Against a backcloth of leaks to the daily press in the period 24 to 28 September, speculation arose in the market as to whether the company was in need of capital and was planning an imminent stock issue. As from the pre-market session on 25 September, Oslo Børs was in touch with Fjord on a daily basis in this connection. The company asserted in these conversations that it had no concrete issue plans or other information that the company was obliged to notify to the market. On 27 September the company reported that it would be considering talks with a view to a strategic alliance and/or a stock issue, and on 28 September the company announced the board's decision to recommend a stock issue to the general meeting and that the issue was underwritten.

Based on the documentation presented by Fjord Seafood, the Oslo Børs Board concludes that three contraventions were committed that warrant imposition of a contravention penalty. In the first place, Fjord Seafood provided, in response to Oslo Børs's enquiry, incomplete and in some respects incorrect information about the company's work on the stock issue in the above-mentioned period. In doing so the company contravened Section 5-7 second paragraph of the Stock Exchange Act concerning the information requirement vis-à-vis Oslo Børs. Secondly, the company contravened the information requirement set out in the Stock Exchange Regulations Section 5-2 first paragraph by failing to inform the market of its issue plans after they became the subject of leaks. Thirdly, the company sent Oslo Børs notice of the board decision too late in relation to the Stock Exchange Regulations Section 5-2 second paragraph which requires such notices to be sent "immediately", the decision having been taken before 10 a.m. and notice sent as late as 3.30 p.m. In fact the company misled the market when it sent - at 10.33 a.m., i.e. after the decision was taken - an announcement that the company was working on the stock issue.

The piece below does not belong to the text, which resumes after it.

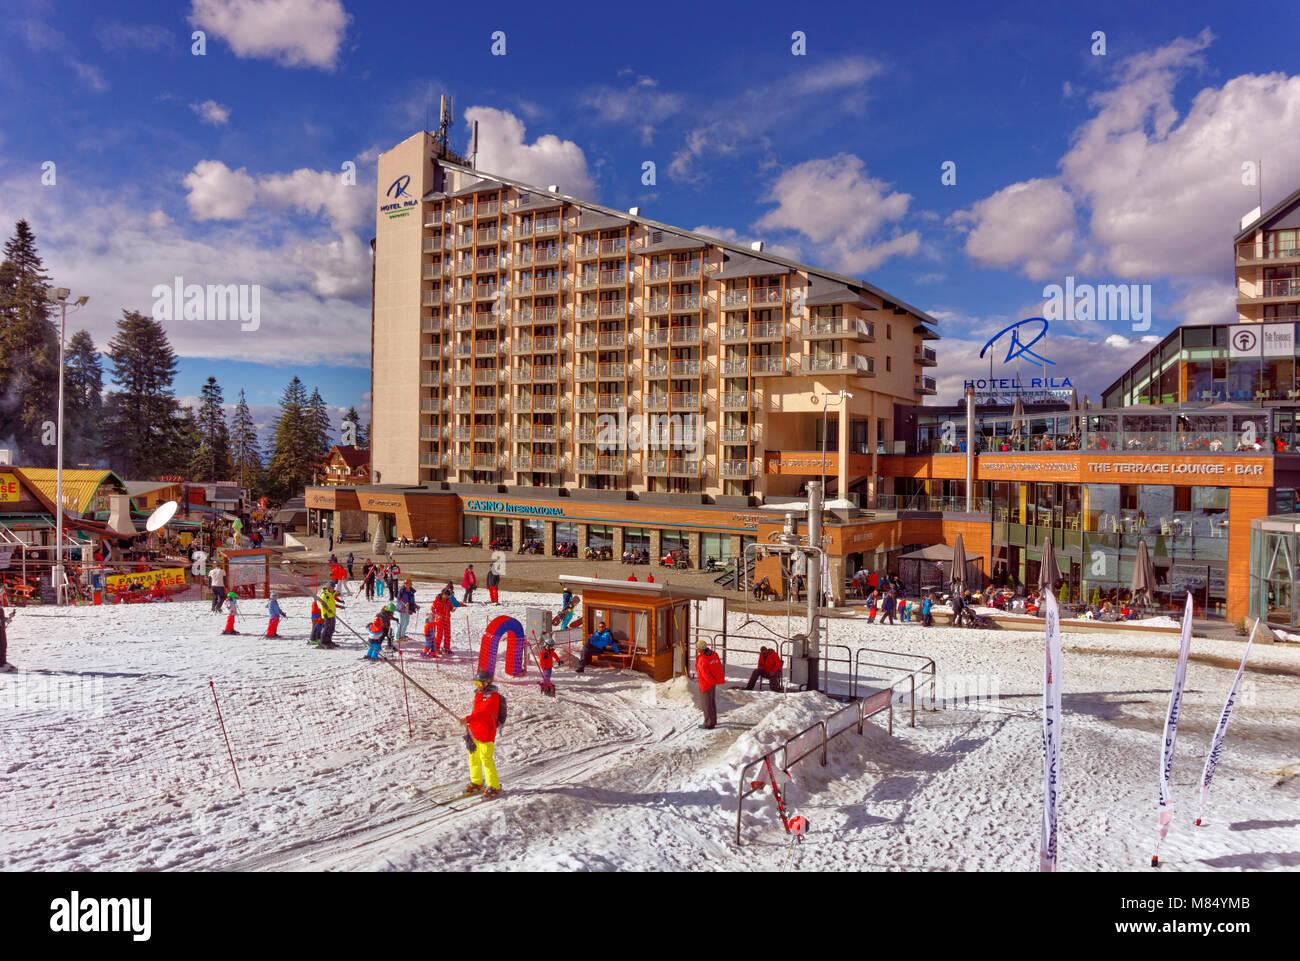 Rila Hotel and beginners drag lift at Borovets Ski resort, Targovishte, Bulgaria. - Stock Image

In apportioning the penalty, the Oslo Børs Board emphasises the importance of a relationship of trust between Oslo Børs and listed companies. Oslo Børs is dependent on correct information from companies in order to ensure an efficient and smoothly functioning market in which share pricing is as correct as possible. Once it suspects that information is not uniformly available to all market participants, Oslo Børs has to decide quickly if and when to suspend or halt trading. Oslo Børs is dependent on correct information and transparency in order to clarify circumstances that may or may not justify the use of such instruments. The Oslo Børs Board also attaches importance to the fact that Fjord Seafood appears to have wished to withhold information about the status of the issue plans until the company could announce a final decision and that the issue was underwritten, even though Oslo Børs made it clear that the information requirement may in the circumstances have been triggered at an earlier point. It is also significant that after the decision was taken the company deliberately withheld information in anticipation of the issue being underwritten, and justified its action on the ground that the company wished as far as possible to avoid a negative price impact.

Based on an overall assessment of the above-mentioned contraventions, the Oslo Børs Board imposed a penalty of five times the annual quotation fee, totalling NOK 500,000. The maximum penalty is 10 times the annual quotation fee.

The decision can be appealed to the Oslo Børs appeals committee within two weeks.